2. Scope of liability for damages

A. In full view of the facts that there is no dispute over the computation of damages, the entry of Gap 5 evidence, and the result of the appraisal commission to F by this court, the Plaintiffs’ number of fixed numbers and outdoor septic tanks jointly owned by each of 1/2 equity ratios were destroyed, and the total value thereof was 36,271,470 won.

B. According to Article 3(1) of the Act on the Liability for Reduction of Damages, in the event that the actual owner does not have gross negligence, a claim for reduction of damages may be filed against the actual owner.
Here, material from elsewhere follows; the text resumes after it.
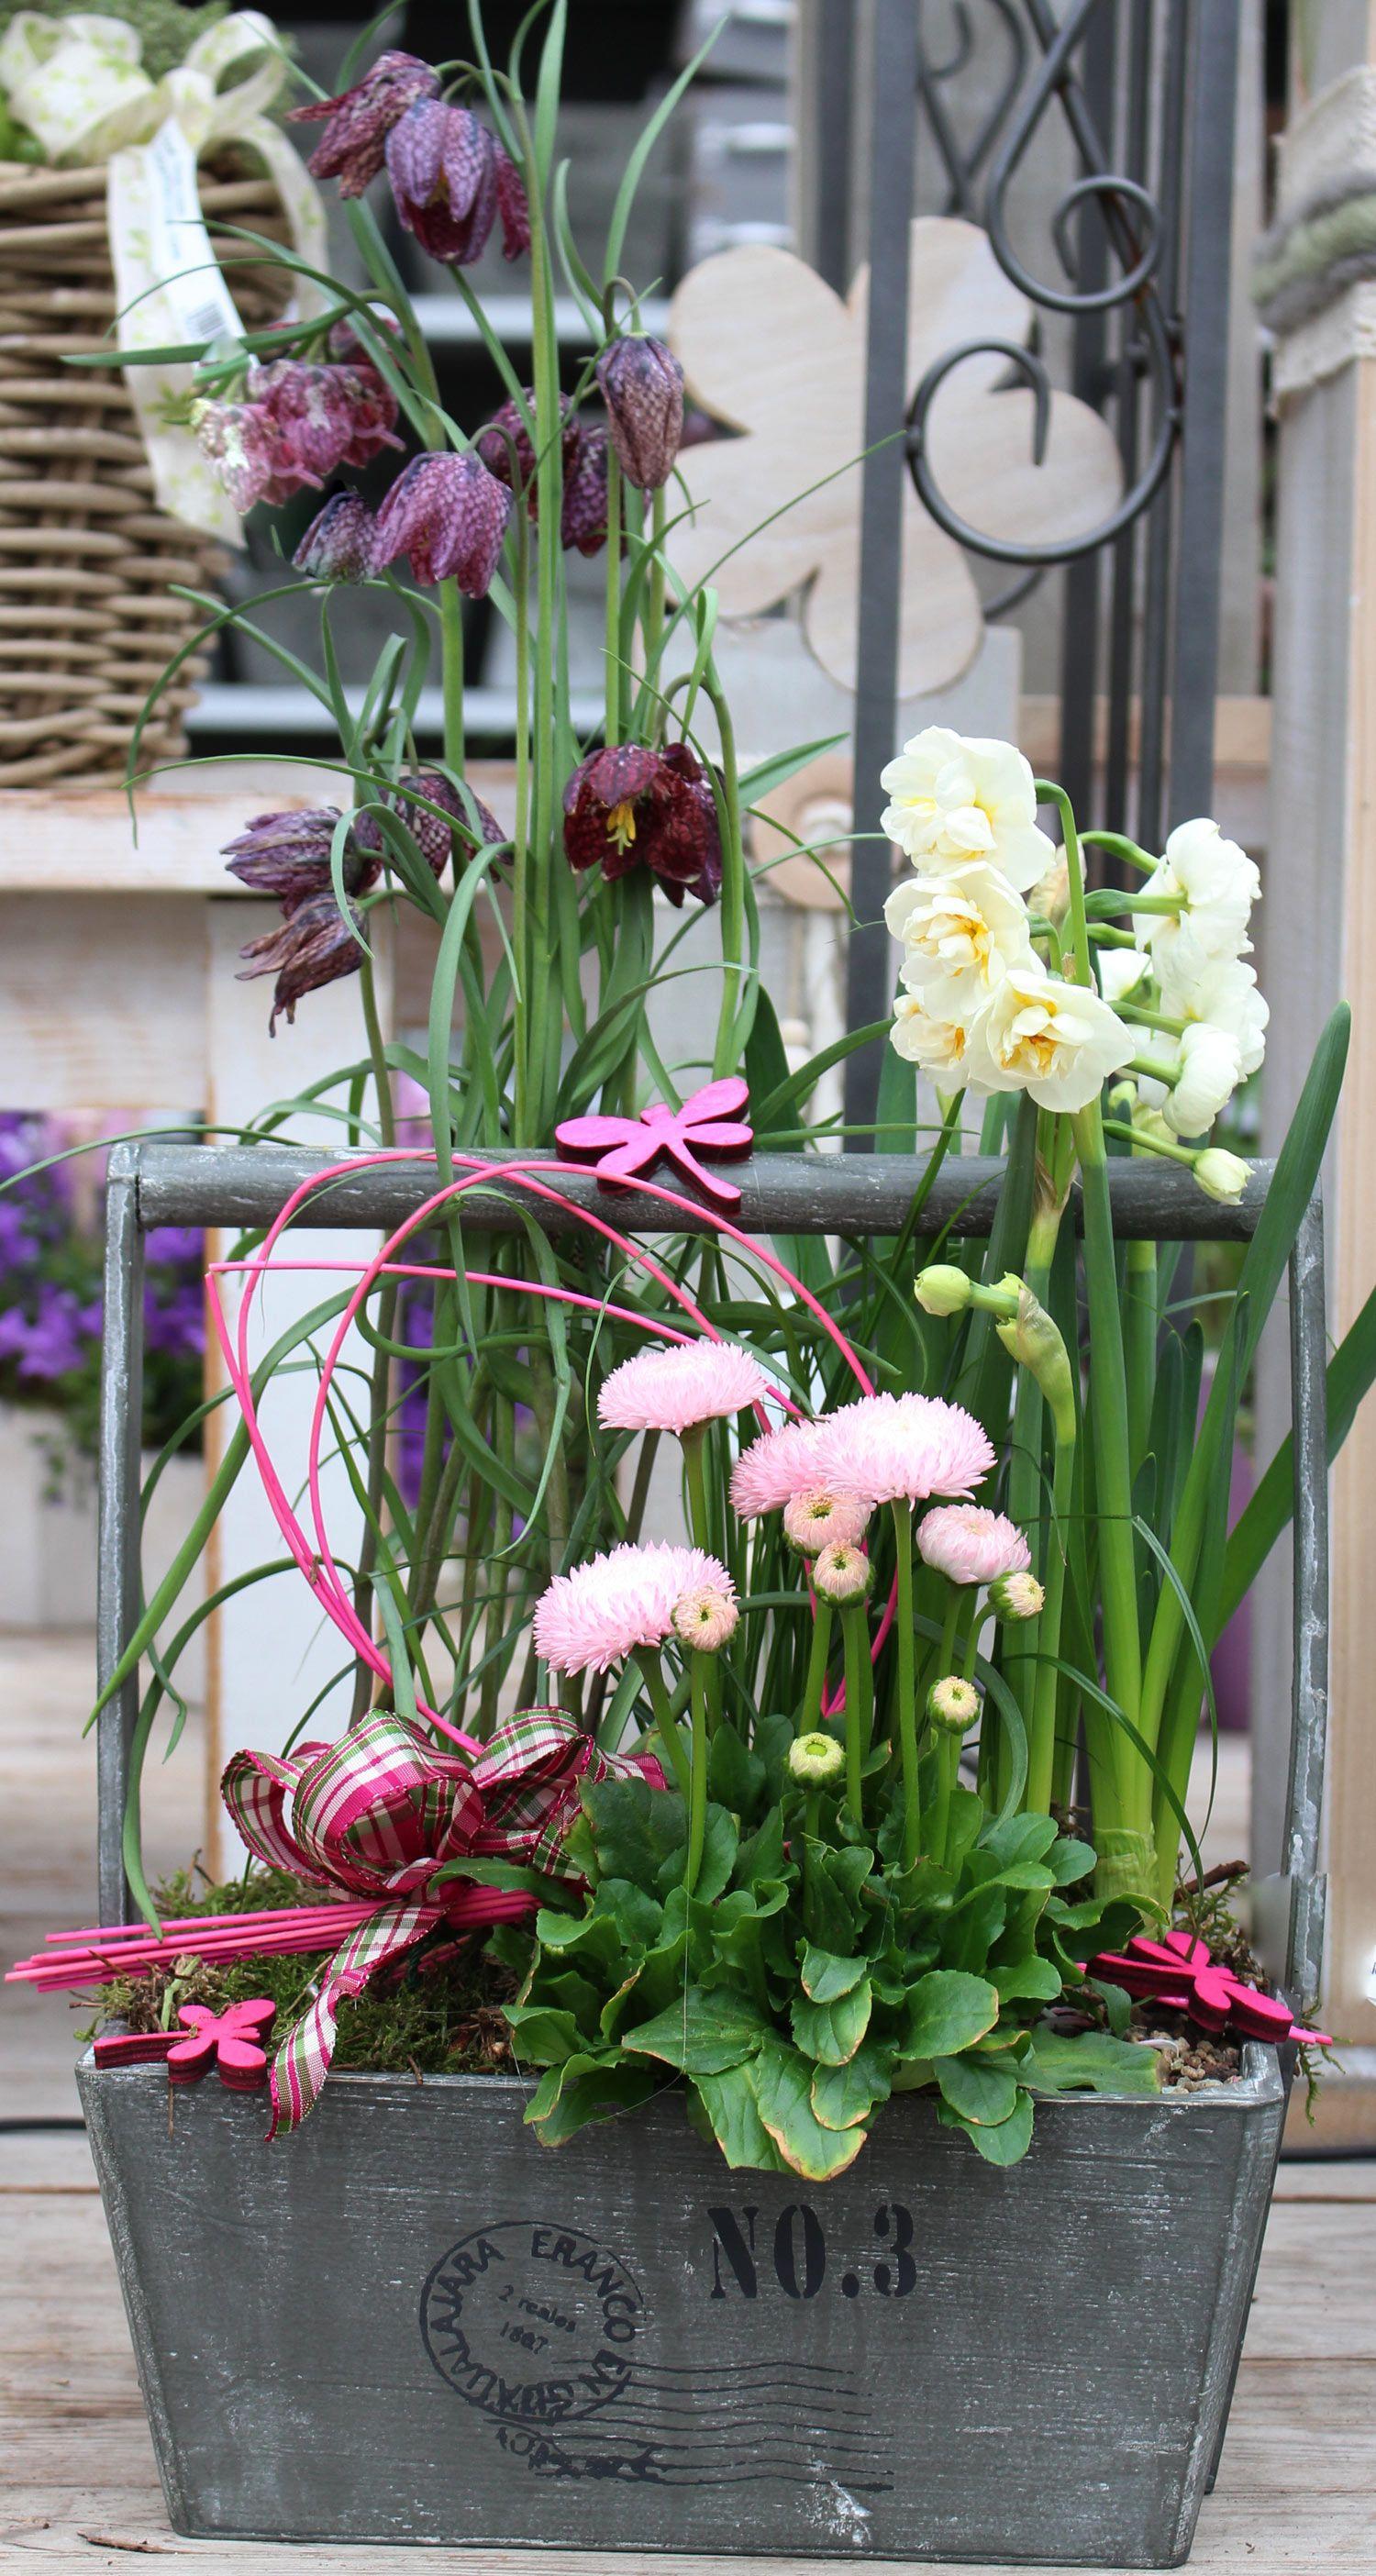 Traumhaft Schön Frühlings Dekoration

In such a case, the court may reduce the amount of damages, taking into account the circumstances under each subparagraph of Article 3(2) of the said Act.

The term "major negligence" as referred to in the above Act refers to a situation in which, without due care to the extent required of a single merchant, it can easily be predicted that the result of the unlawful harmful act can be easily predicted if it is not done (see Supreme Court Decision 92Da21959 delivered on October 27, 192). In this case, the occurrence and expansion of the instant fire was grossly negligent by the defendant.

shall not be deemed to exist.

In addition, the occurrence of the fire in this case and the progress of the fire in this case are somewhat unsatisfyed, and Defendant D, a driver, caused the fire.